> _Problem_:
Omit the pictures and return exactly the stretch of the material below from the line with "Carino almond green corduroy cushion" through the line with "Re:[原创]5月3日首都机场风云变幻的下午 AIRBUS A330-300".

> _Exercise data_:
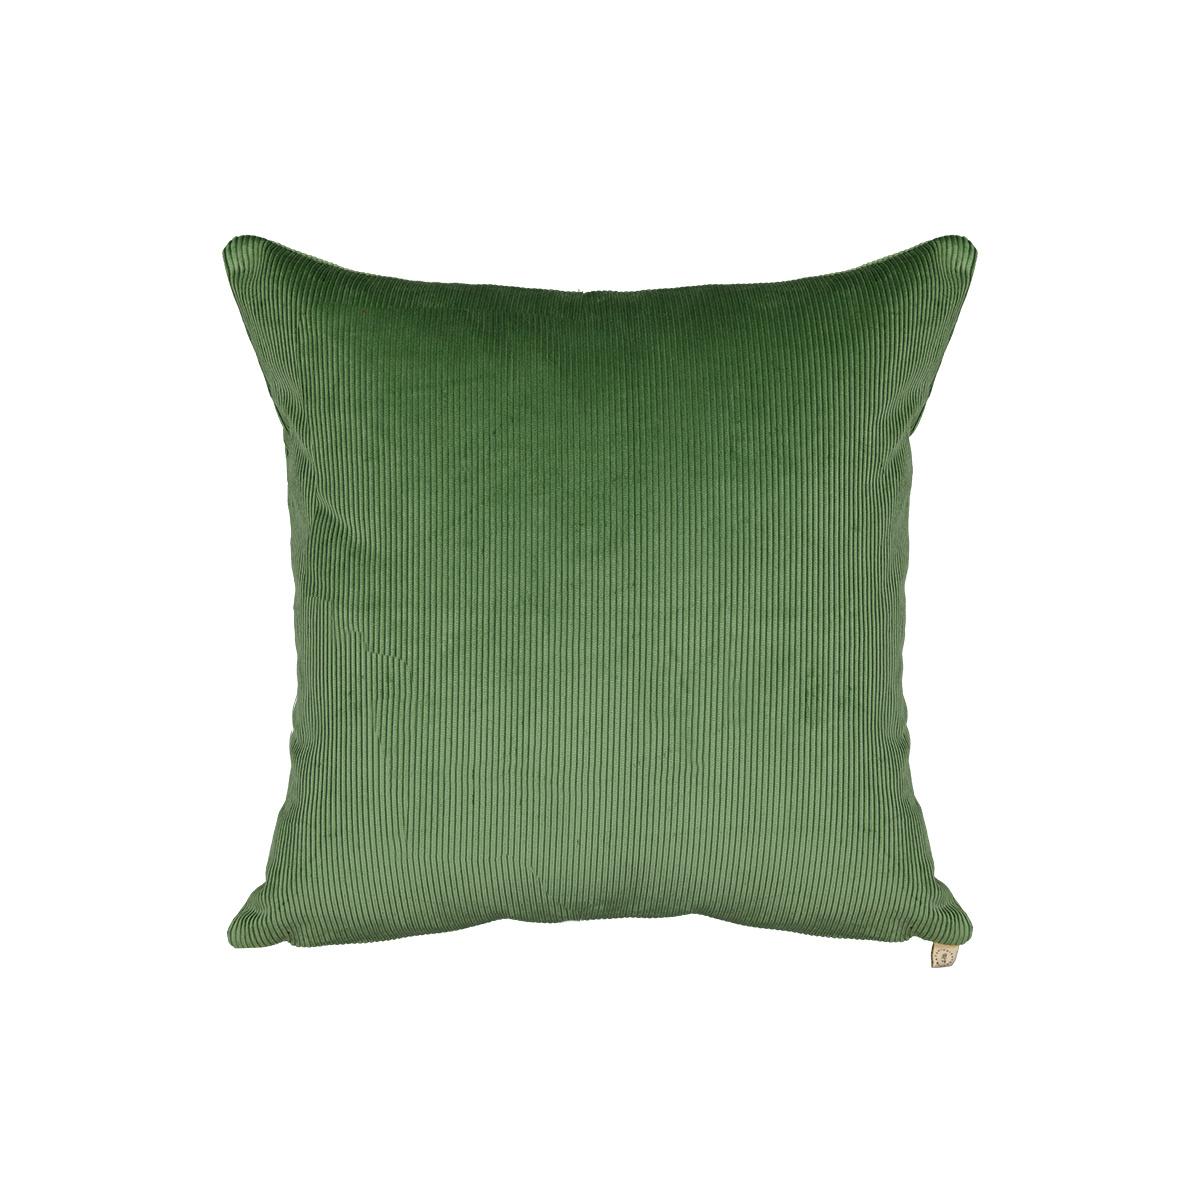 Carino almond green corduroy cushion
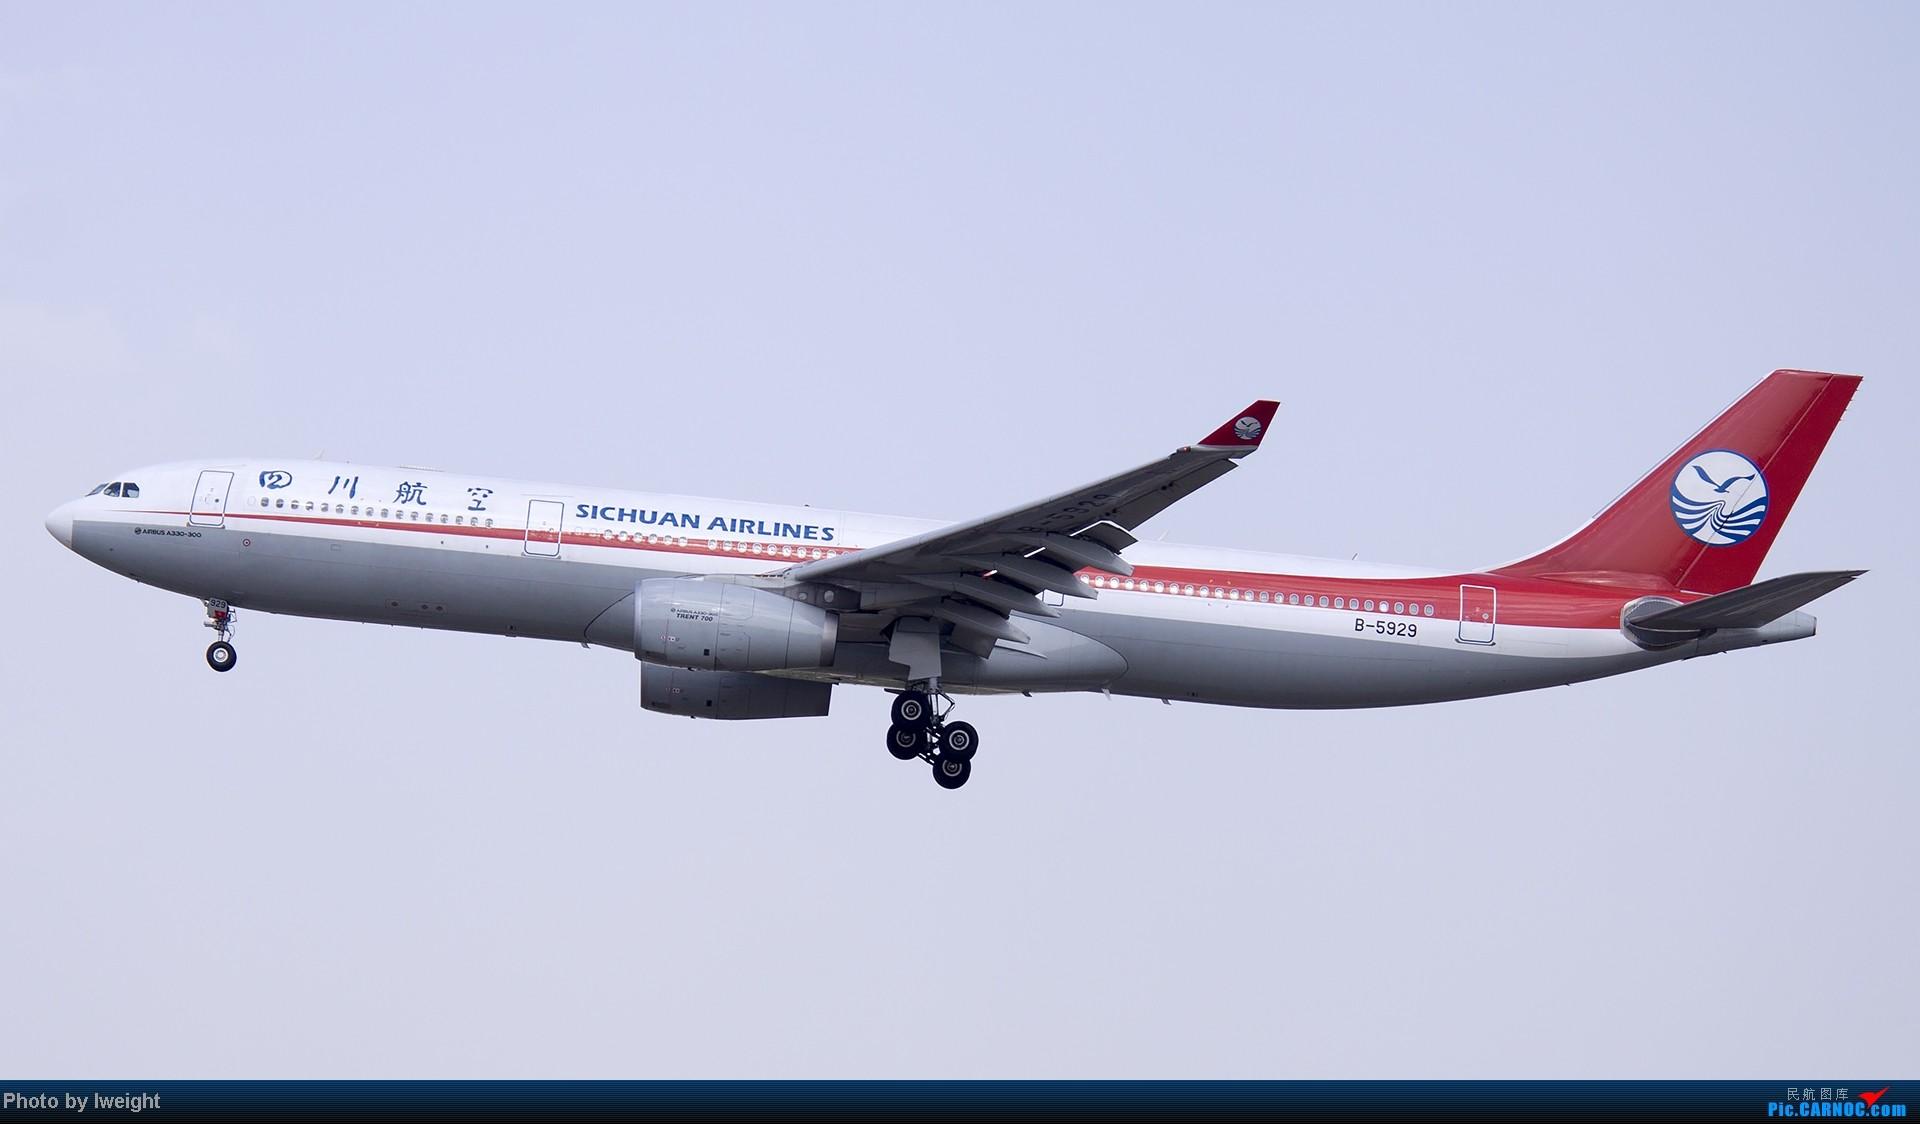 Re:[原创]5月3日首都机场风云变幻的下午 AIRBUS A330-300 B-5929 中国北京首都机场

---

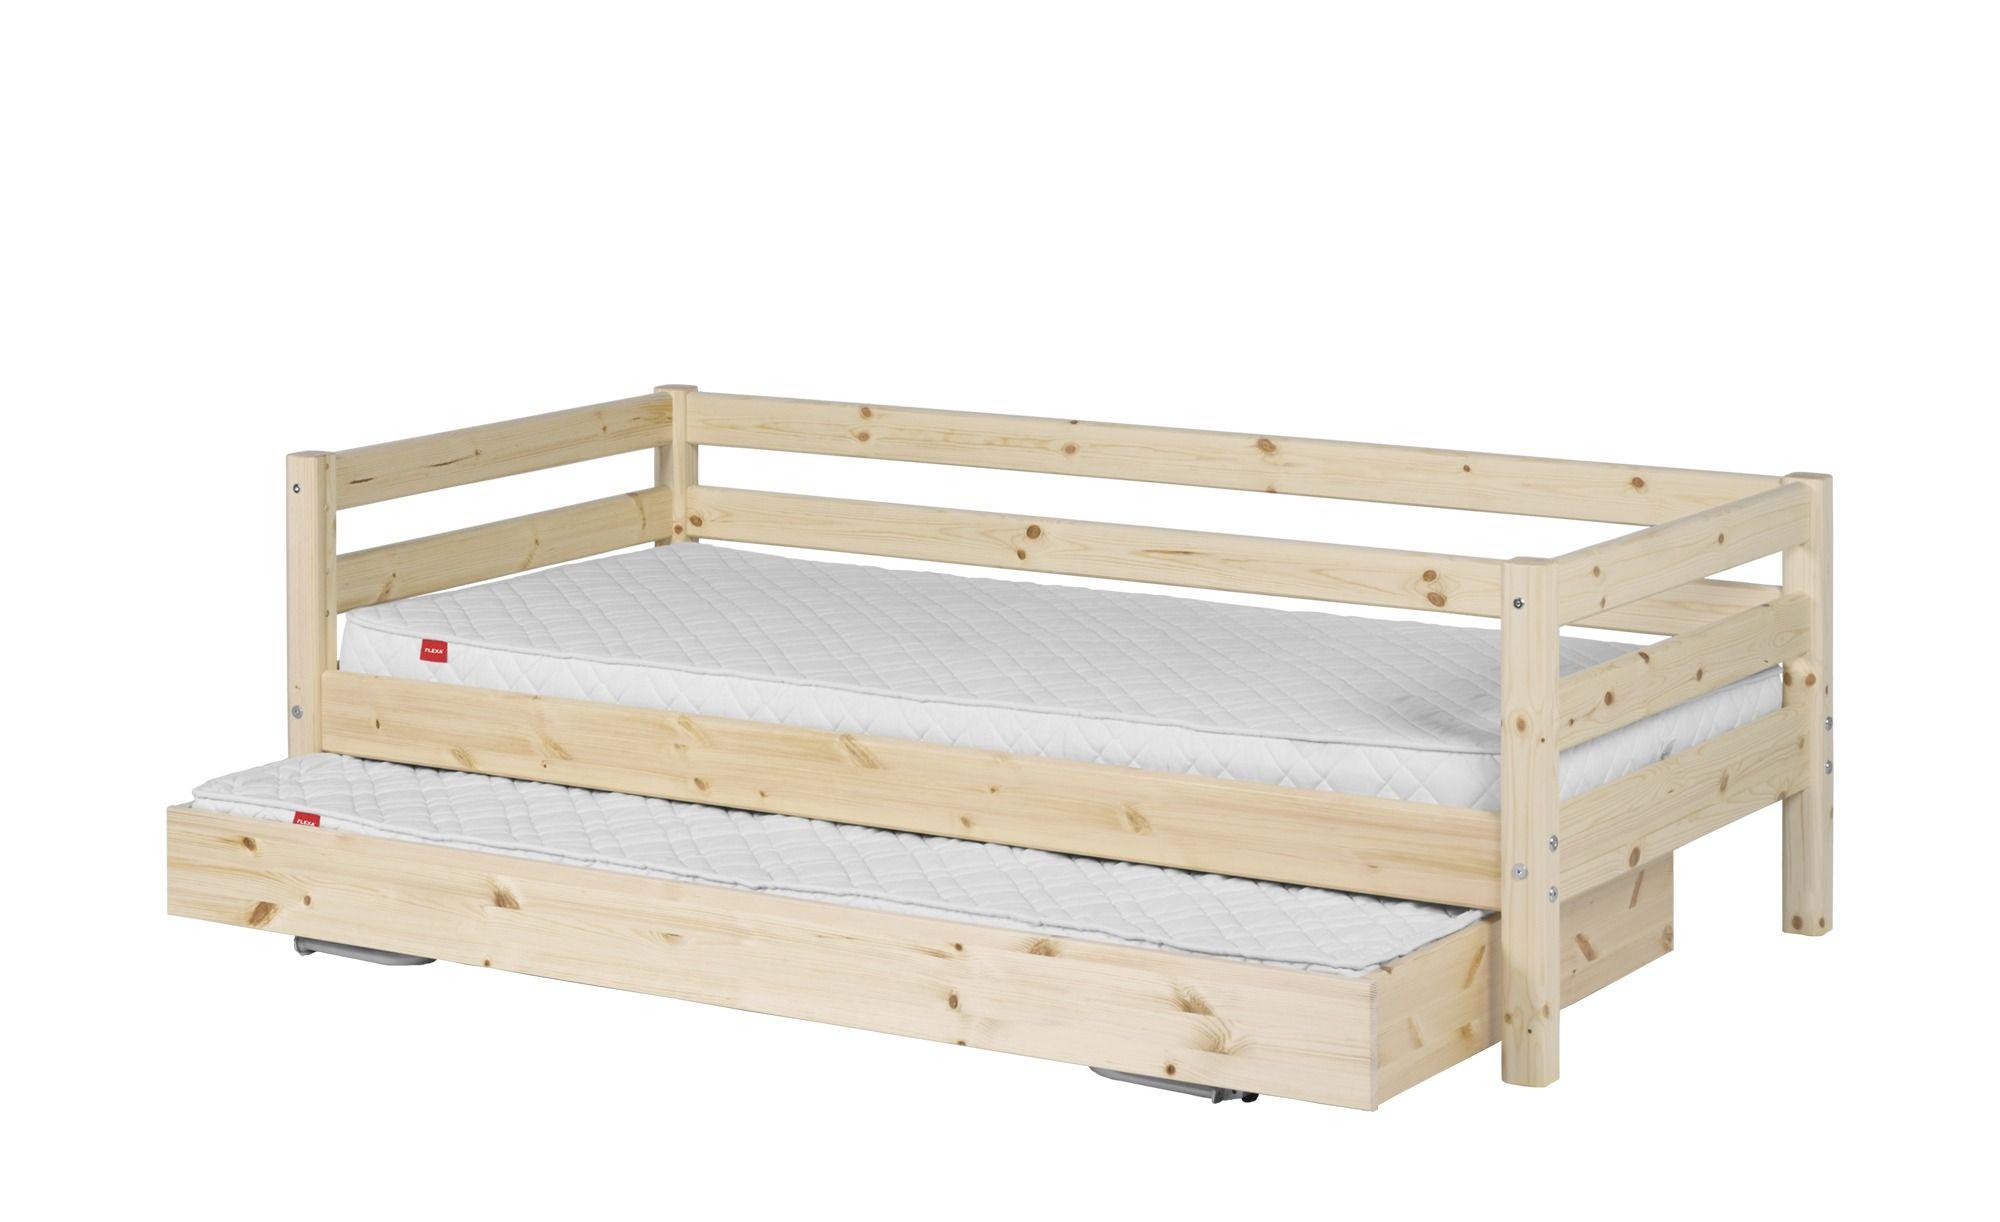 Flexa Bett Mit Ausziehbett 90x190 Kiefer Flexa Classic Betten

...

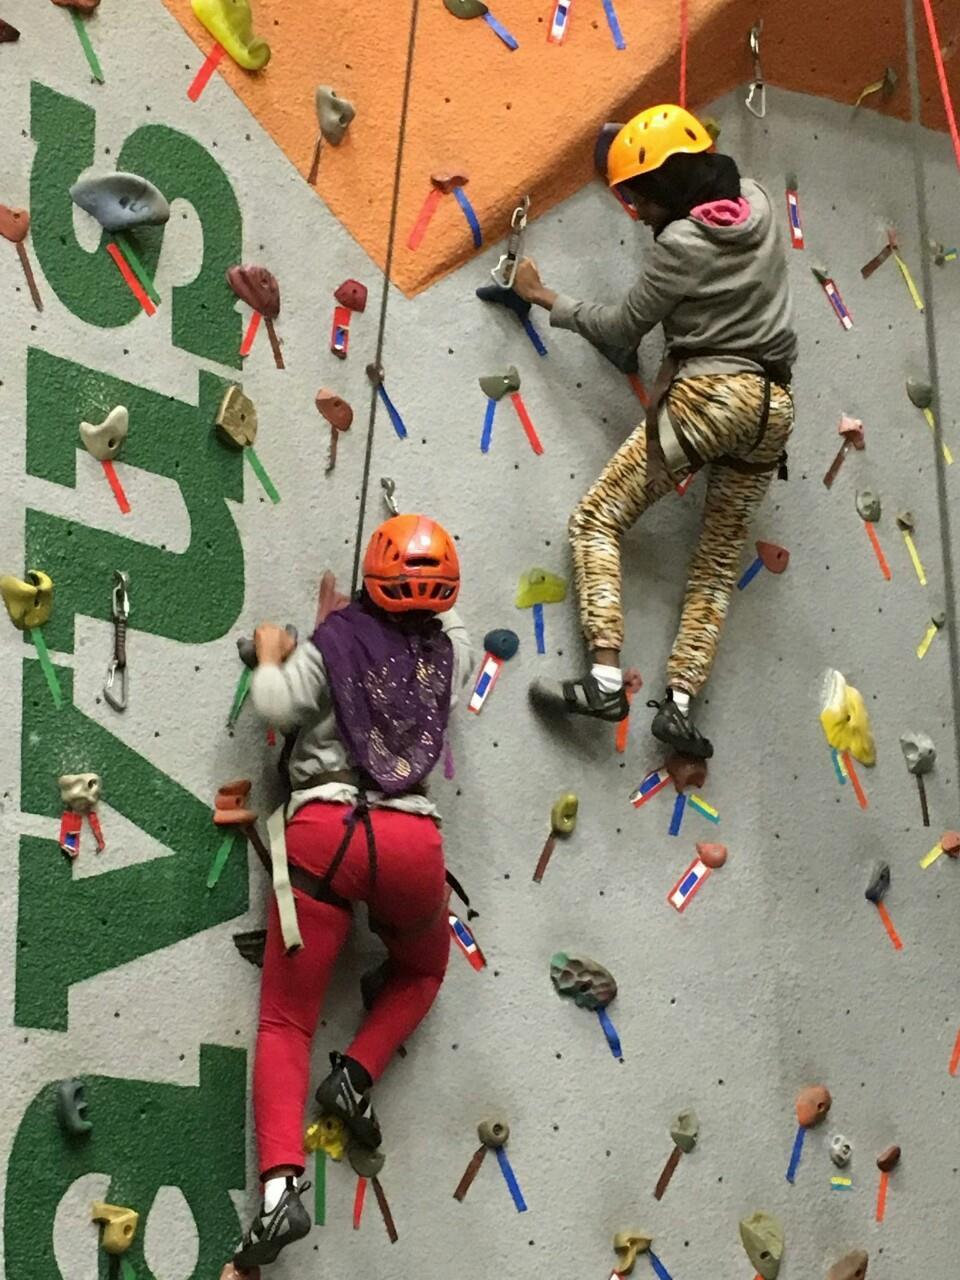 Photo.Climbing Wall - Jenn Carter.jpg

> _Reply to the task_:
 Carino almond green corduroy cushion
 Re:[原创]5月3日首都机场风云变幻的下午 AIRBUS A330-300 B-5929 中国北京首都机场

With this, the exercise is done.